O Respeito e a importância da Memória.
Morreu um Marinhense meu Amigo.
Conhecemo-nos há muitos anos. Há algumas vidas diria. Ele
Presidente da Junta da Marinha Grande, eu membro da Assembleia de Freguesia da
minha terra.
Tratávamo-nos com cerimónia. Dr. para aqui e dr. para ali. E
assim foi até chegar a campanha eleitoral das autárquicas 2009.
Intensa e maravilhosa campanha essa, onde ambos nos
empenhamos com uma entrega absoluta.
Nesse Verão, exigiu que o começasse a tratar por tu. Estas
coisas, normalmente são difíceis para mim. Alterar uma forma de tratamento após
tantos anos de cerimónia. Com ele não! Curiosamente foi um processo fácil e
imediato.
Partilhamos muitos momentos, muitas reuniões, muitas
decisões, alguns desacordos, onde sempre respeitou a minha opinião, tendo
frequentemente alterado a sua. De uma maneira cordata, com elevação. Com
humildade e com inteligência.
Fomos ficando Amigos. Amigos sim, porque até as nossas
inquietações e incertezas pessoais fomos partilhando.
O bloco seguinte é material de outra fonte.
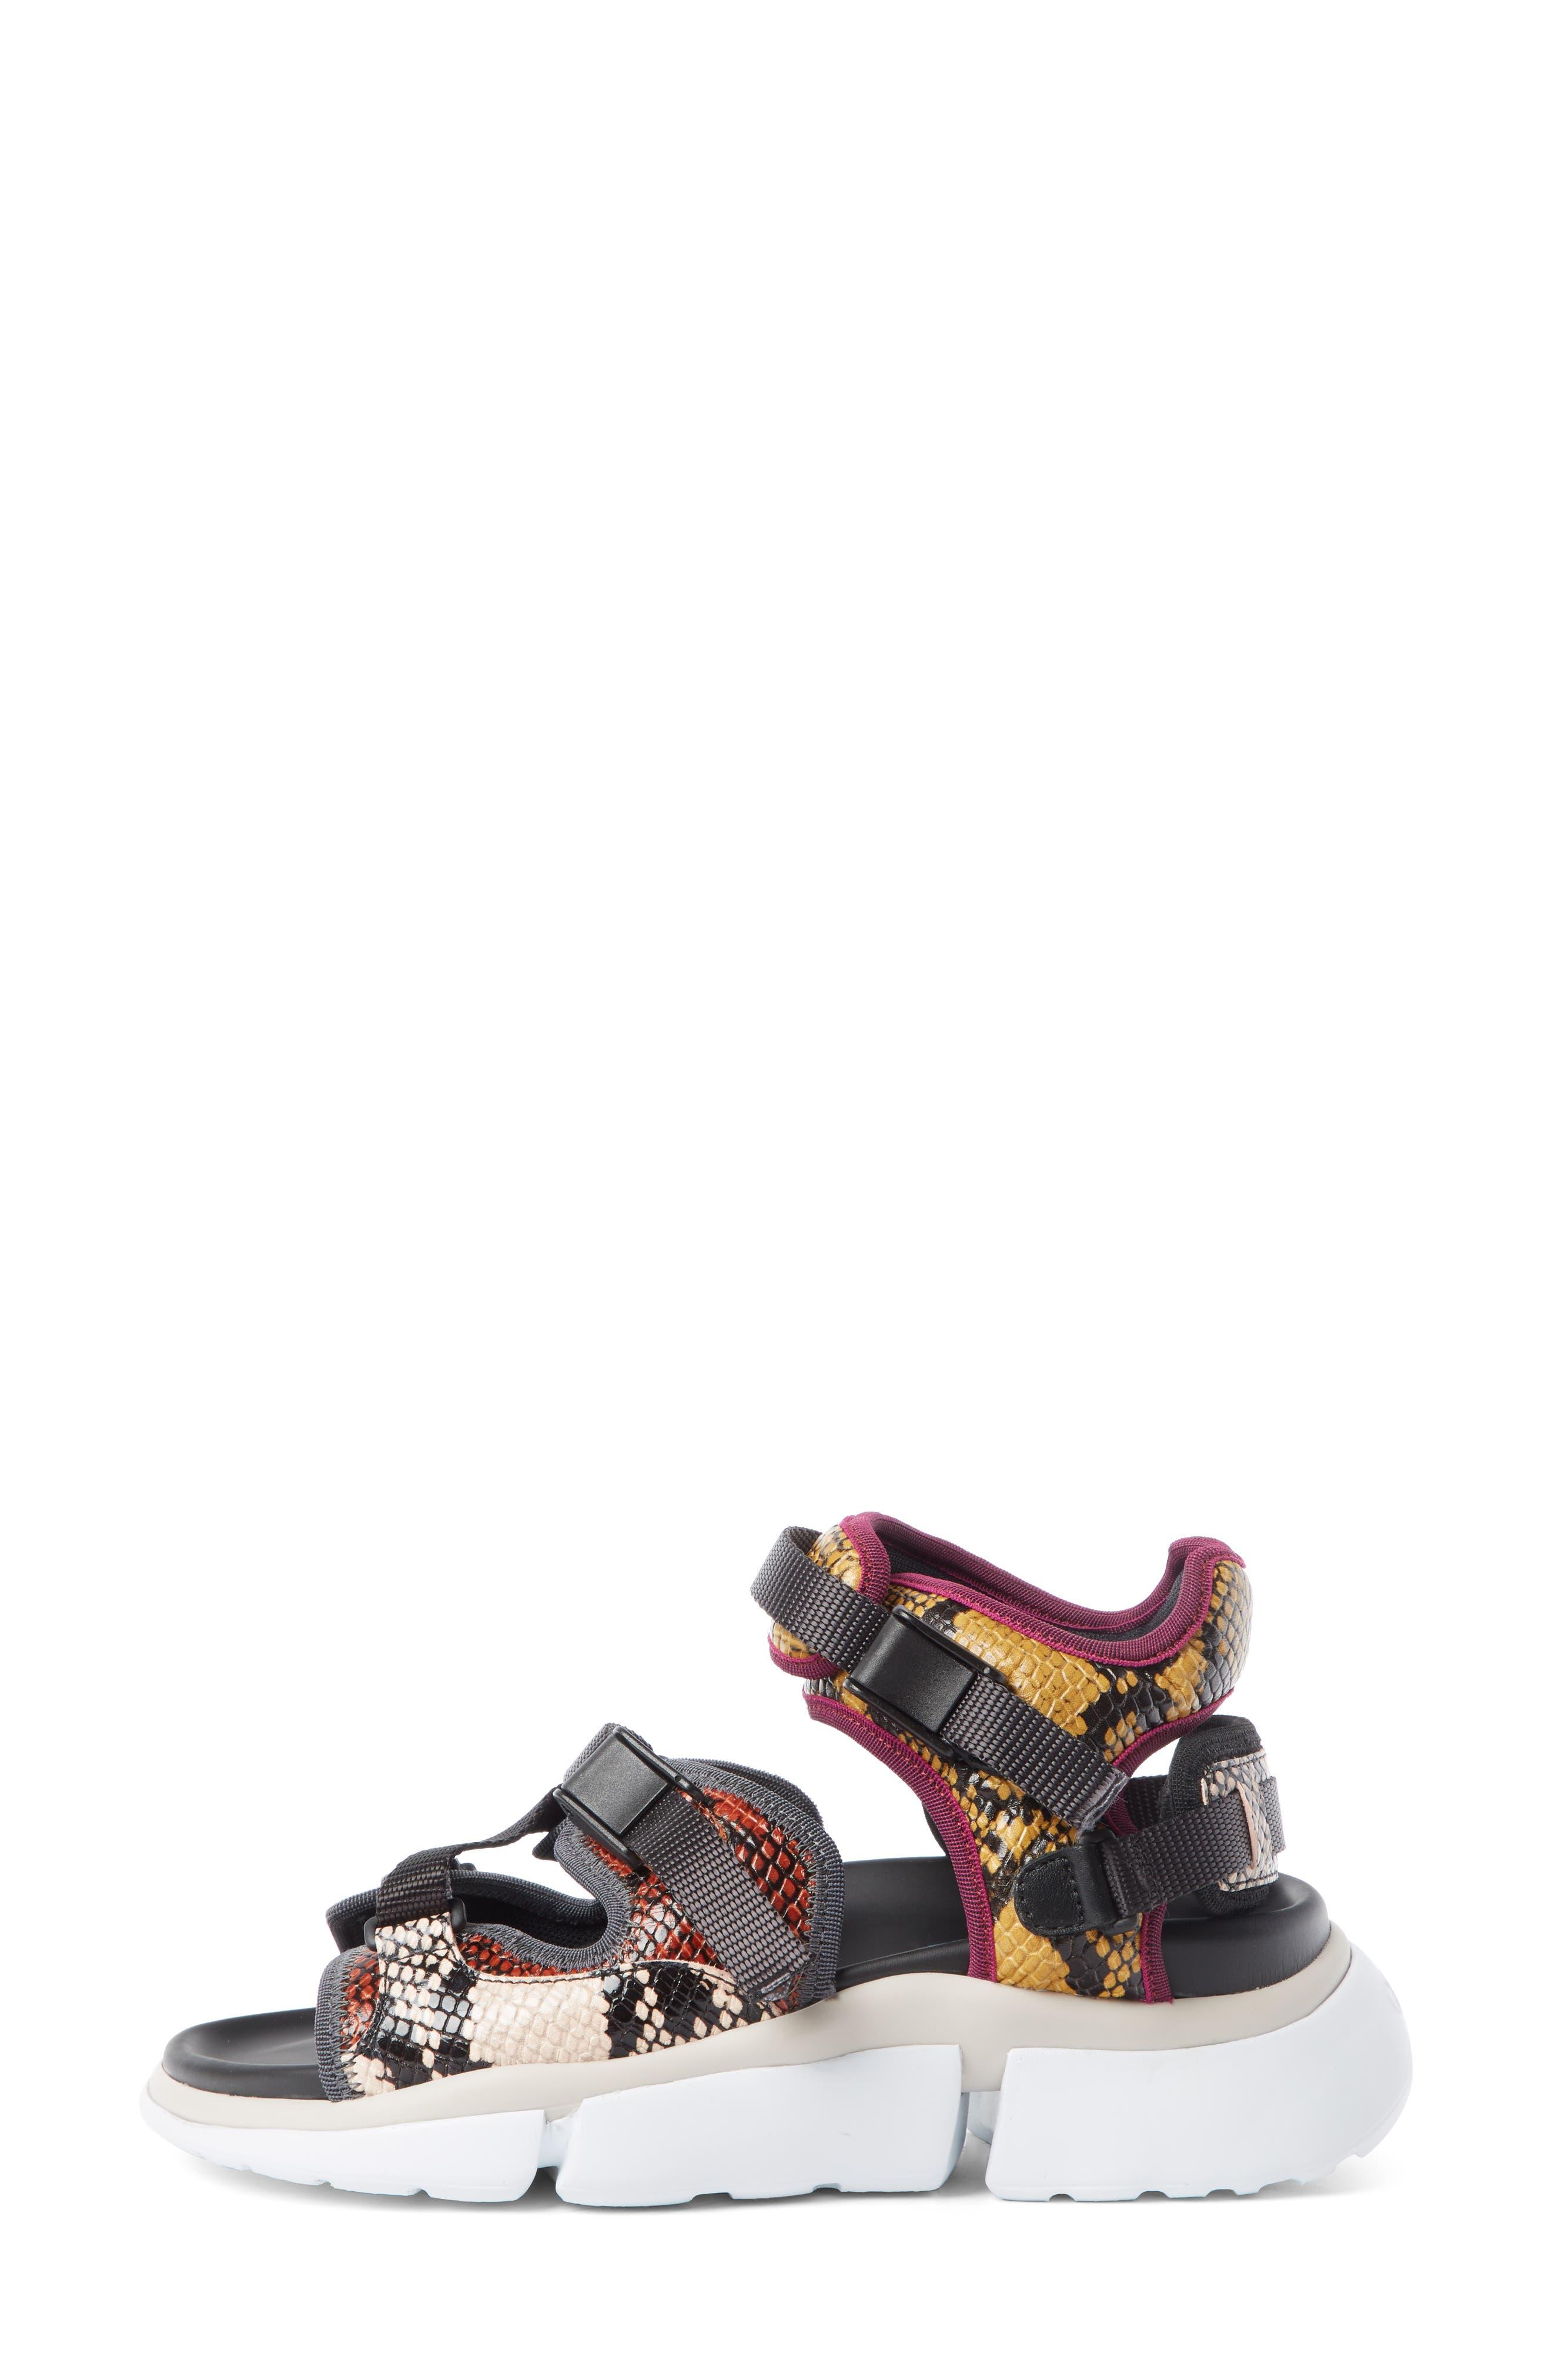 Sonnie Sporty Sandal,                             Alternate thumbnail 3, color,                             SEPTEMBER SUN LEATHER

Era um Homem Bom o Álvaro!
Preocupado, atento e justo.
Abriu a primeira farmácia da Praia da Vieira, que está na
génese da atual Farmácia Moderna de que era proprietário e Diretor Técnico.
Grande mecenas do Grupo Desportivo da Praia. Quantas e
quantas receitas foram processadas sem ter recebido dinheiro, apenas porque
sabia que o doente não o tinha para pagar?
A sua farmácia Moderna foi das primeiras a aderir
à Metadona, numa clara manifestação de preocupação com os tóxico dependentes.
Quantas cadeiras de rodas e camas articuladas ofereceu à comunidade marinhense. Sem espavento nem promoção pública?
Nos Bombeiros da Marinha Grande onde desempenhou um papel ativo
como Presidente da sua Direção, numa época de enormes dificuldades financeiras, com prejuízos evidentes na sua vida
profissional e familiar.
Foi Presidente de Junta, Vereador, Membro da Assembleia
Municipal e finalmente Presidente de Câmara durante 6 anos sucessivos.
Deixou marca profunda na sua comunidade. Marcas que, por
vezes, tão esquecidas têm sido.
Toda a sua vida cívica e política fala por si. Não carece de
qualificativos de qualquer espécie. Basta rever o seu passado e toda a sua entrega.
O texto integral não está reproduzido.